TINDAK LANJUT DARI HASIL NON PERSIDANGAN:
1. Facilitative Sharing of Views (FSV): Indonesia perlu persiapkan FSVs ke delapan pada SBI52 atas second BUR dan Technical Annex REDD+, dimana saat ini masih menunggu feedback hasil dari proses International Consultative Analysis (ICA) oleh Team Technical Experts (TTE) dan Technical Assessment dari Team Technical Experts untuk REDD+ dibawah koordinasi Sekretariat UNFCCC.
2. Consultative Group of Experts (CGE) terkait Responding to Needs to Implement the Transparancy Framework: Indonesia sudah submit Capacity Building Initiative for Transparency (CBIT) pada tanggal 11 Juli 2019 ke 7th GEF, yang antara lain penggunaan IPCC 2006 untuk didorong melalui peningkatan kapasitas di Provinsi dalam rangka IGRK untuk peningkatan Transparency. Dikomunikasikan kepada CGE agar Indonesia dapat sharing of views terkait CBIT.
3. Gender and Climate: Pelibatan dan pemberdayaan bagi Indigenous People (IP), Local Communities (LC) pada tataran grassroot untuk gender perlu didorong
4. Intergovernmental Science-Policy Platform on Biodiversity and Ecosystme Services (IPBES): Indonesia merupakan negara yang memilki keanekaragaman hayati tinggi, maka hasil kajian IPBES tersebut perlu ditindaklanjuti dengan melaksanakan kajian pada tingkat nasional dan lokal, berkoordinasi dengan seluruh
pemangku kepentingan terkait untuk menyusun langkah stragegis pengamanan biodiversity dalam kaitannya dengan perubahan iklim.
5. Pertemuan Ketua Delegasi Indonesia dengan Ketua Delegasi Australia Australia: Review perjanjian kerjasama dengan Umbrella Kerjasama berbagai thematic yang lebih luas dan komprehensif.
6. Pertemuan Ketua Delegasi Indonesia dengan UNDP Global: Pertemuan dengan KLHK dengan UNDP Global akan laksanakan di Jakarta tanggal 8 Juli 2019 membahas penyiapan proposal REDD+ performance ke GCF.
7. Pertemuan Direktur Jenderal PPI KLHK/Ketua Delegasi Indonesia dengan Duta Besar RI untuk Republik Federal Jerman: KLHK diminta hadir dalam pertemuan antara BAPPENAS dengan GIZ Jerman, dalam rangka kerjasama mangrove diantaranya melalui revitalisasi Mangrove centre yang di Bali.
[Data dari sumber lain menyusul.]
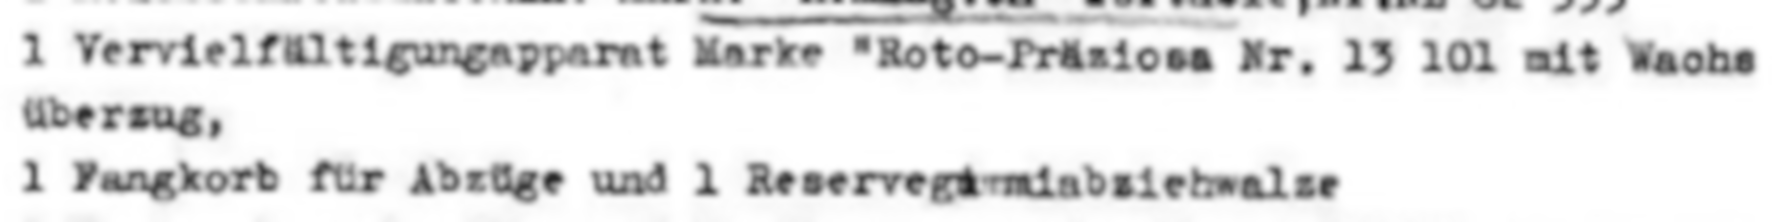 Auszug aus dem Suchungsbericht 21.2.1943

8. Pertemuan Alternate I Ketua Delegasi Indonesia Duta Besar Nurmala Kartini Pandjaitan Sjahrir dengan Ketua Delegasi Iran: Indonesia diminta Iran atas nama G77 and China untuk mencalonkan perempuan sebagai ketua Alternate LCIPP kawasan Asia Pasifik. Indonesia mendukung akan menominasikan perempuan untuk affirmative action guna memastikan keterwakilan perempuan di dalam UNFCCC.
9. Pertemuan Alternate II Ketua Delegasi Indonesia Duta Besar Yusra Khan dengan Co-chairs of Friends of the Ocean and Climate / Ketua Delegasi Fiji: Fiji atas nama AOSIS siap untuk mendukung Indonesia menjadi pimpinan sidang Blue Ocean di Pre session COP 25. Indonesia menyanggupi dan Indonesia akan mulai menyiapkan usulan “work program” yang digunakan dalam pembahasan Blue COP.